A falta que me fazes não é tanto
à hora de dormir, quando dizias
“Deus te abençoe”, e a noite abria em sonho.

É quando, ao despertar, revejo a um canto
a noite acumulada de meus dias,
e sinto que estou vivo, e que não sonho.

"não vão"

não
tome tanto cuidado
com as coisas que passam.
não antecipe o cuidado
dos tombos logo a frente.
elas passarão, as coisas
– e mesmo sem cuidado.
nós ficaremos e as coisas
essas, sem nós, passarão.
até que nós passaremos
e veremos no final
das coisas as coisas
rindo do nosso esforço
vão.

"a cidade nova"

estou seco, amor, você me ouve?
estou triste, raso, dos pés calosos.
sei que não há tempo para perdão e flores,
mas um cacto, amor, não custa os olhos.

e haverá afinal algo que ainda pulse pálido
sem ar além do ar salino na terra frígida
abafada de vícios em retinas-cornucópias.
haverá sol no fundo de algo que ainda sinta
cotovelos secos que se esbarram em ruas novas,
onde há morte e fome, amor e mito, correria,
algo à procura da sombra de um coqueiro-memória,
existe sim qualquer coisa de gris por trás da esquina,
mais por dentro da pele, algo que talvez alcance,
se eu mergulhasse fundo e não sangrasse tanto
do sangue da vergonha do sangue ante-sofrido,
talvez do mergulho desavisado viesse o ovo
primordial de que tanto falam nossos queridos
caios carlos clarices césares concretos corvos
que por ti por nós o alimento escasso digerido
nas bocas cortadas de preâmbulos e escorbuto,
além de tudo o que das mãos me escorre frágil
e de mim não se fez, mas me segue nas ruas
em passadas largas de “prestes ao interrogatório”.
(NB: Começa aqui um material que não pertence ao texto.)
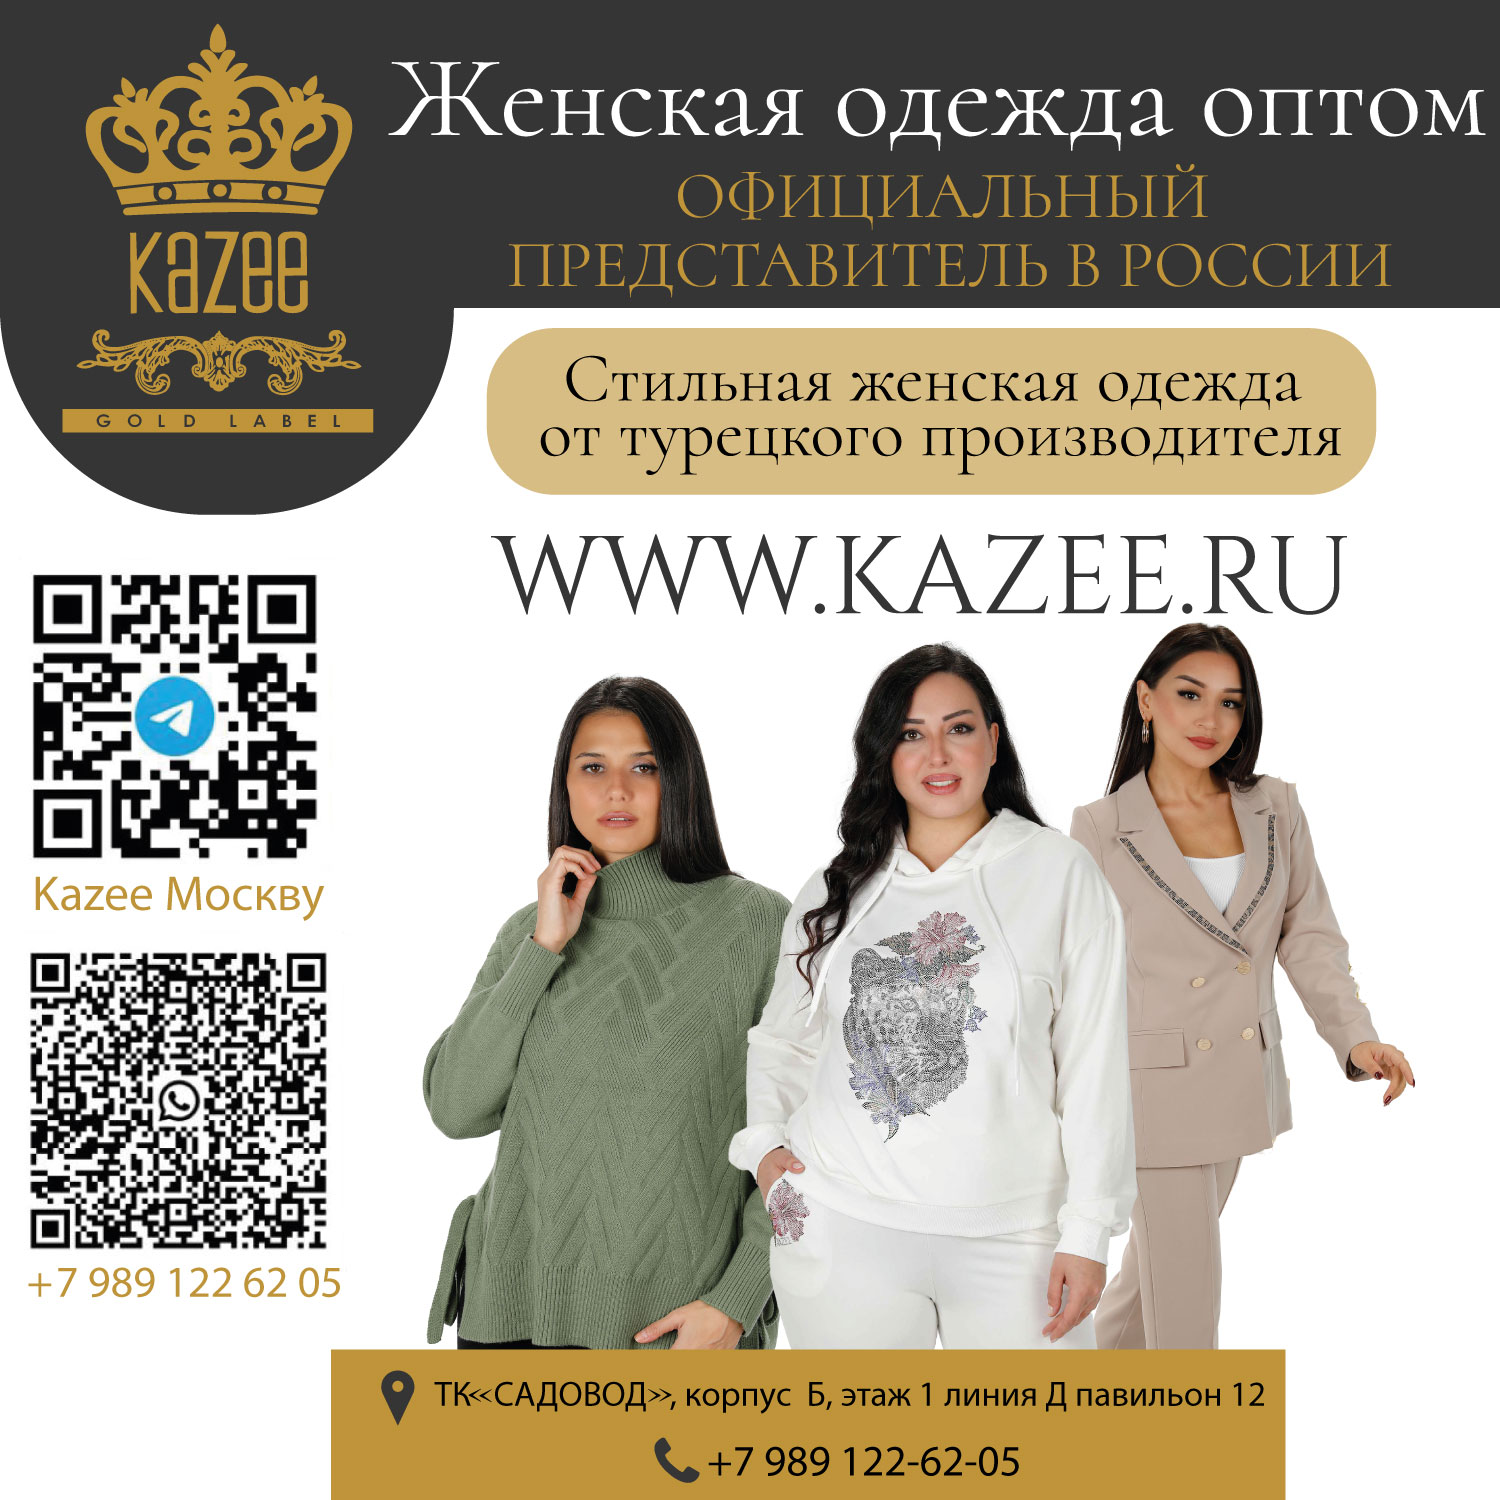 Représentant officiel du magasin KAZEE en Russie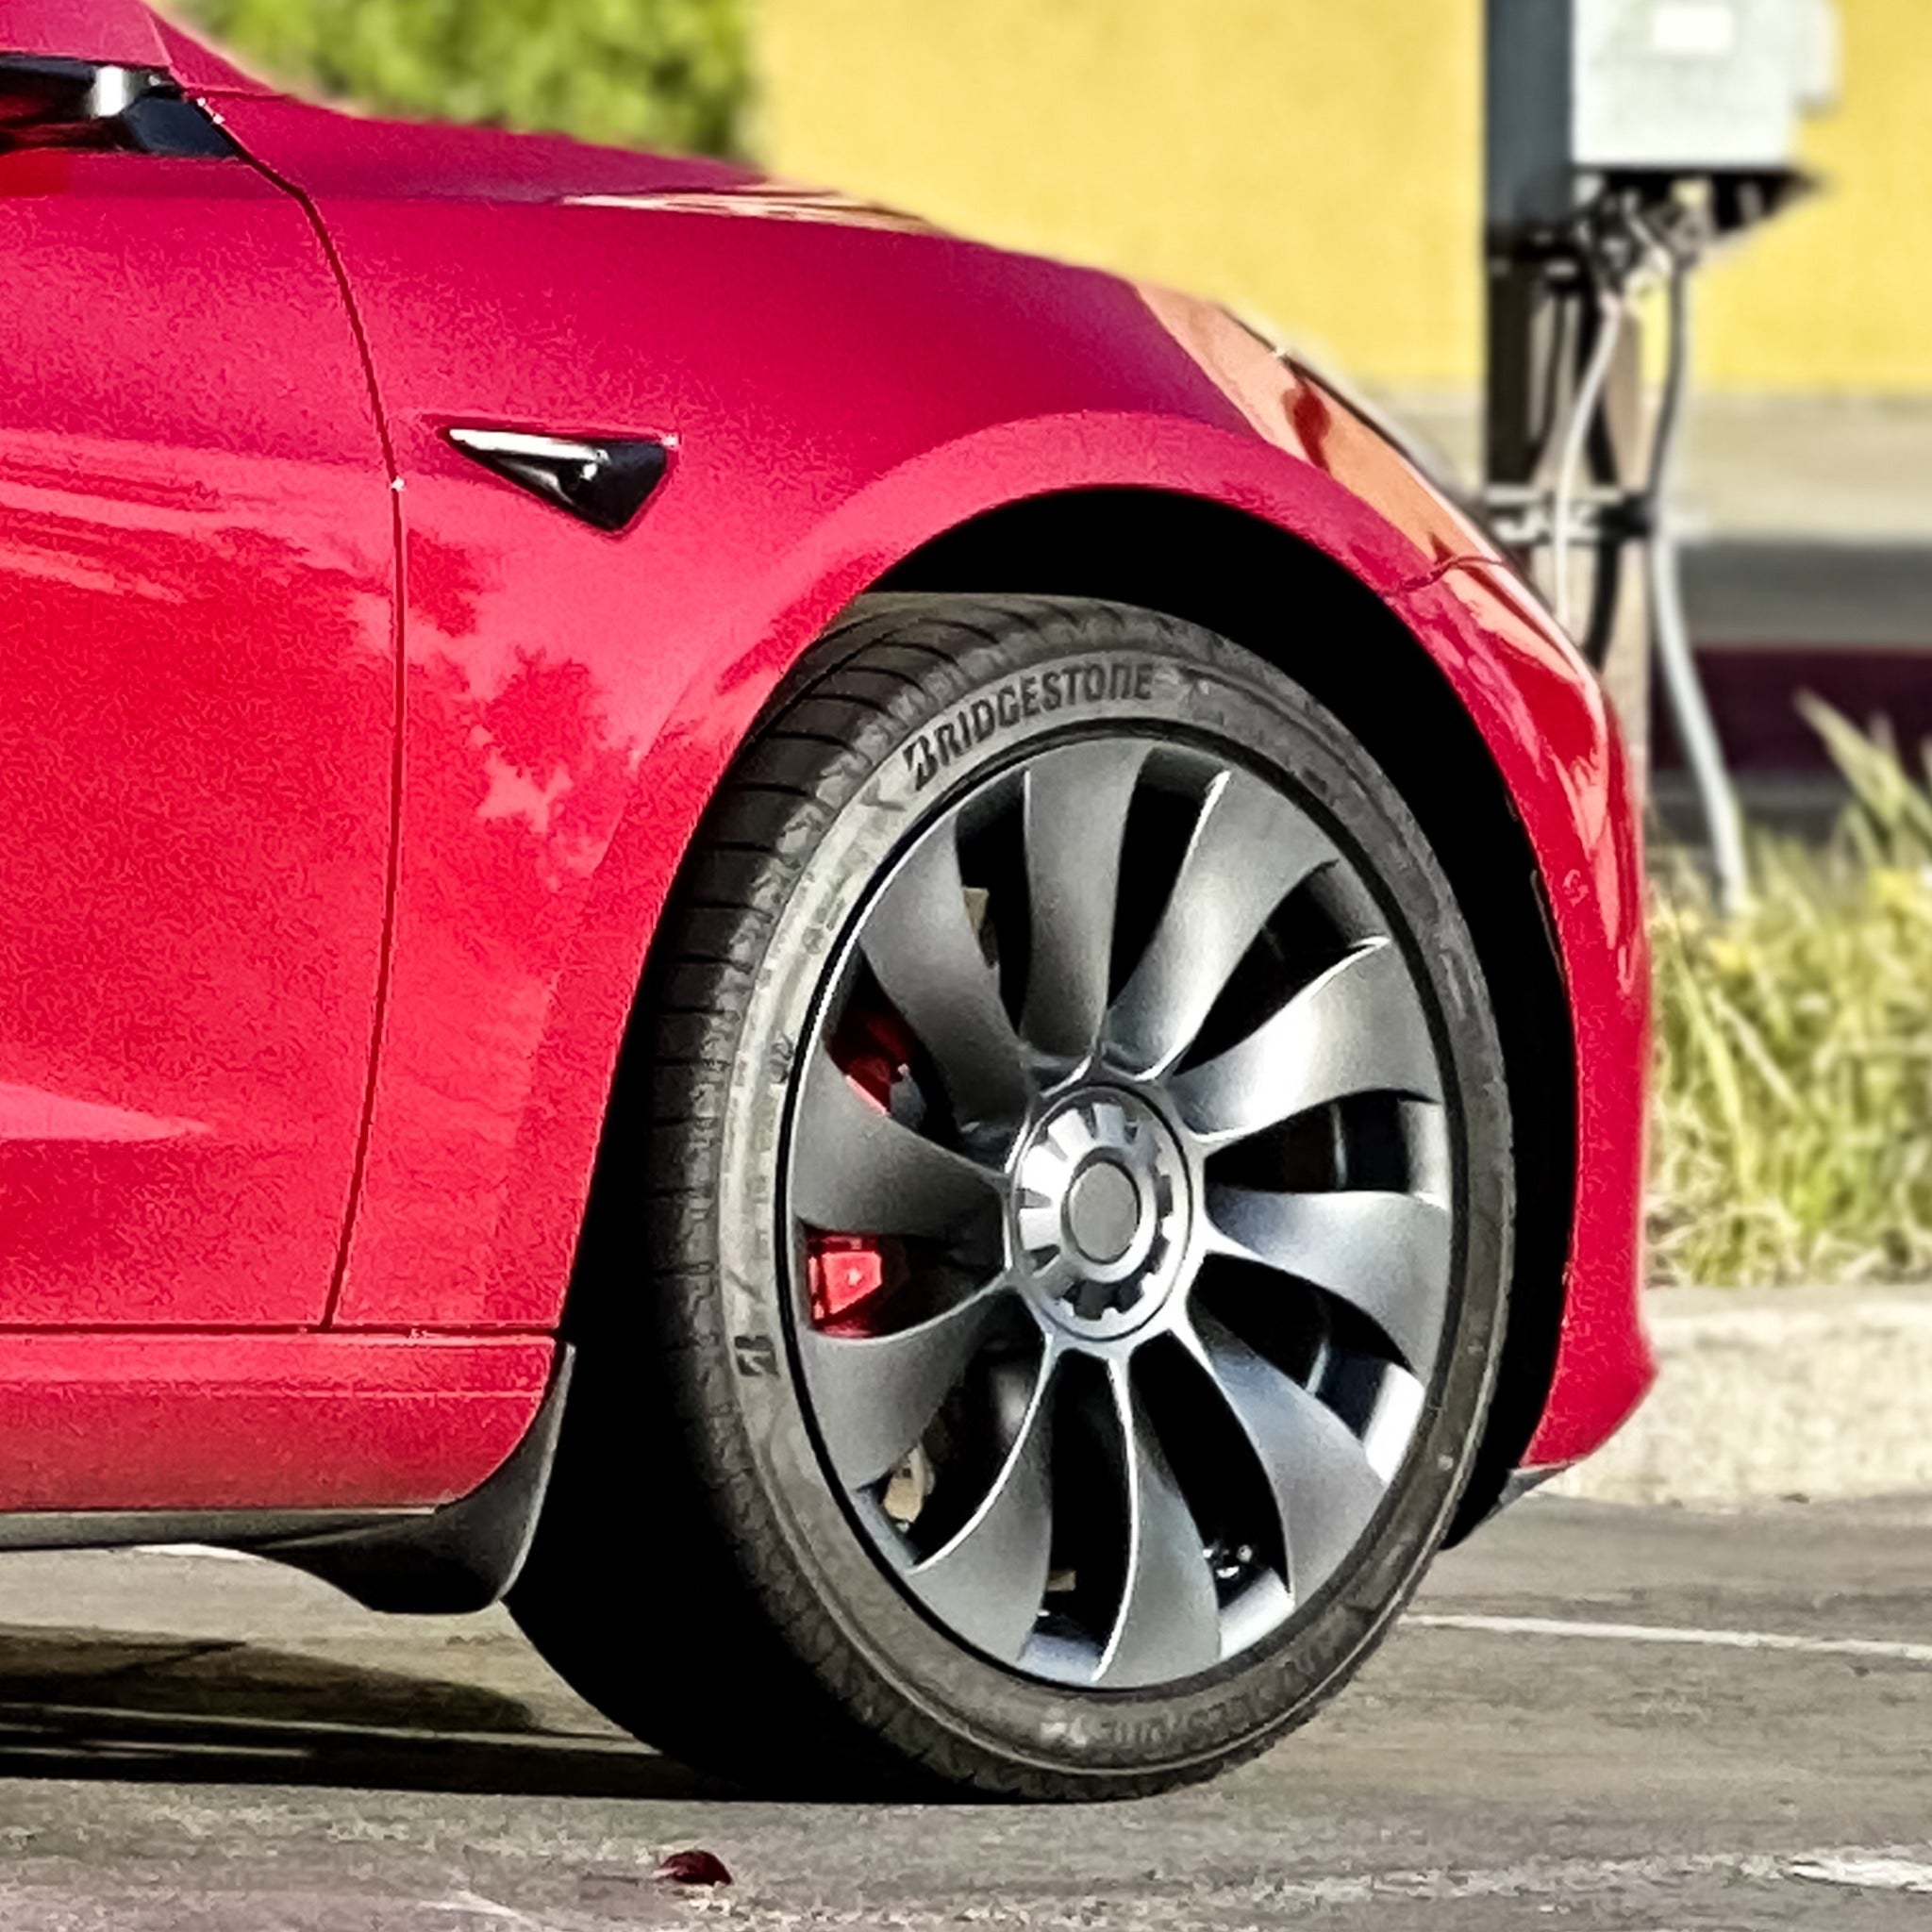 Uberturbine Wheel Covers For Tesla Model 3 19'' Sport Wheels (2017-2023)

se fundo eu apenas mergulhasse – como descendo
pela espessa avenida e cruzando entroncamentos,
ultrapassando dunas que tanto mais eu subo descem
– nas feridas abertas como em córregos coléricos,
tracejando crises brandas em copos mal-lavados,
surpreso passo a passo, e a cada segundo,
pelo segundo surpreso de cada passo eu cavo
incríveis e silenciosas atrocidades do coração.

e que ainda há flores no deserto, eu lhe direi.
e colheremos nem que seja a terra íntima das unhas,
e carregaremos nossos corpos quem sabe até o mar,
onde as ondas não vacilam e a solidão abandona o corpo
comido da bicheira, talvez nesses momentos, talvez agora,
poderíamos dar-nos todos as mãos, enfim silenciosos,
e abandonar de vez os poemas que são pingos ralos
de nós quando já tarda o senso e se atrasam os sinos
- quando não há mais diferença entre o corpo e o chão.

Fortaleza, agosto de 2007.

"Bruma" (Moreira Campos)

Chovia.
A pequena estação.
Meu acanhamento adolescente
diante do mal que consumia meu pai.
Quase como se pedisse desculpas,
me escusasse diante dos olhos curiosos
que lhe surpreendiam e seguiam a ruína.
Os grandes ossos a furar-lhe o paletó de brim,
a devastação da face,
o brilho febril de suas órbitas profundas.
O acesso de tosse,
a sua ânsia,
o lenço,
possivelmente manchado de vermelho.
A lembrança sobretudo do seu pobre e inútil guarda-chuva.
Deixava-o ali para a tentativa impossível de uma cura na serra.
Talvez sua mão (sua descarnada mão)
tivesse pousado de leve sobre a minha cabeça.
Sua última imagem se dilui
nas gotas d'água que caíam lentas do beiral da estação
(da pequena estação).
Restou-me de tudo, e para sempre,
a mágoa daquele acanhamento adolescente,
do meu vexame,
do meu quase pedido de desculpas aos curiosos.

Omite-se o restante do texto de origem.